Solution Candidate Encoding. A candidate solution is typically represented as a phenotype-genotype pair. Just like in biology the phenotype is comprised of a candidate’s visible attributes that change over its lifespan due to interaction or external events. On the other hand the genotype is the entire information about the core structure of a candidate in some encoded form, e.g. DNA in real life and usually a binary string in software applications. In the Wa-Tor scenario the phenotype of an object would be its actual instance in the simulation, whereas an adequate genotype would be the information about the object’s attributes received at its creation, that is immutable during the lifespan of the object, but inheritable by its offspring.

Fitness Function. The idea behind the fitness function is to decrease the population diversity by eliminating poor candidate solutions, but thus improve the overall quality of the candidate solution space (called ‘survival of the fittest’ or ‘natural selection’ in the field of biology). The fitness function in the Wa-Tor scenario is the simulated interaction between the individuals. Using the predefined interaction rules such as moving and feeding, individuals may survive or get killed by predators/die out of starvation. Certain genotype instances may have higher chances to prevail than others, e.g. individuals that can give birth to multiple offspring are more likely to pass down and spread their genotype in the respective population.

5 Conclusion and Future Work

The main goal of our project was to design and develop an application to test the strengths of a simulation-based analysis. A relatively simple and well-known problem domain was chosen, which, however, poses multiple challenges regarding its formal specification, hence the need of an alternative approach. An ecosystem and various species inhabiting it were modeled in the fashion of Dewdney’s Wa-Tor [3]. Even though the created model is a fairly basic one, including only several interaction rules between the organisms within the simulation, and a handful of attributes to characterize them, no mathematical specification of the system can be derived without a significant amount of effort. Via simulation however, it was possible to define very simple rules on a micro level, and still obtain valuable insights regarding the global behavior of the environment and the populations inhabiting it.

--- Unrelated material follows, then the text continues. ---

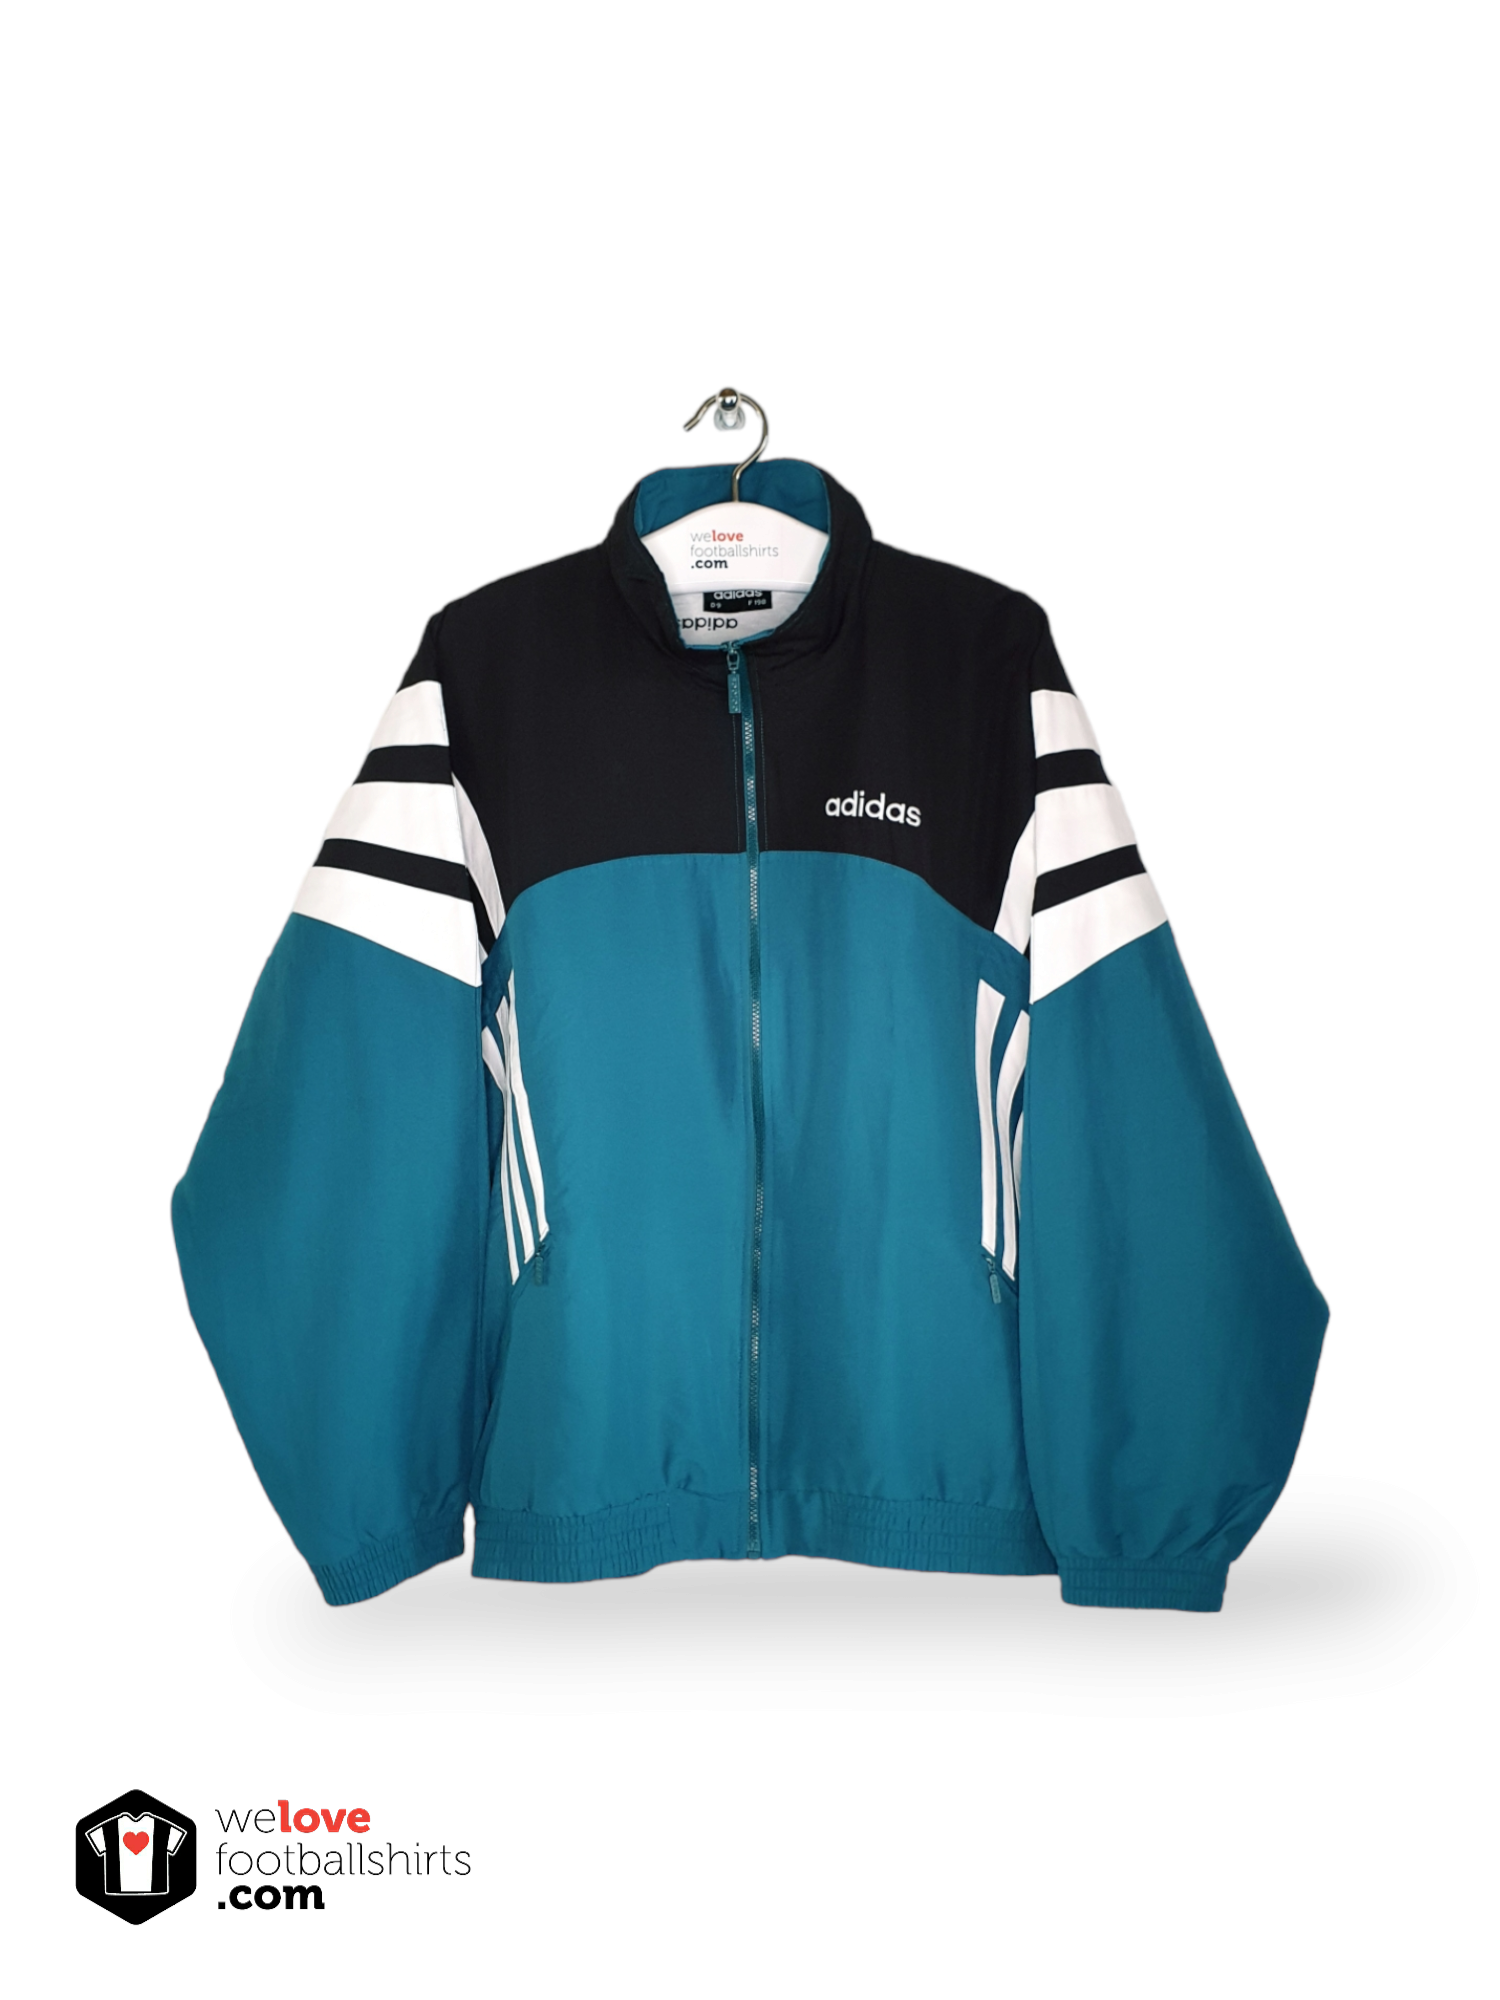 mest vejkryds dragt Adidas vintage track jacket 90s - Welovefootballshirts.com

We augmented previous work on the topic by performing extensive testing to gather enough data and visualize the relation between the inputs and the output of the system. For that an empirically derived formula (see Eq. 1) was used to calculate the system’s output (stability factor) as a function of the probability that a species with a given population size would survive. The formula uses weight coefficients to discriminate between more robust and more vulnerable species. In Figs. 1 and 2 we showed the direct dependence of the ecosystem’s stability on the initial population sizes and on a specific species’ attribute—the number of created offspring after reproduction. In the final part of the paper the challenges of extensive testing were discussed and a new approach based on evolutionary programming was proposed as a possible more efficient alternative.

Future work would revolve around the expansion of the application to incorporate the described evolutionary technique and allow for the model (species’ attributes) to change over the course of the simulation similar to the evolution of organisms in the real world. The potential optimization benefits of this approach are to be evaluated and compared to those of the extensive testing. Another interesting idea would be to model the predators’ behavior using a space filling curve as a potentially more efficient roaming strategy when the prey is scarce [13].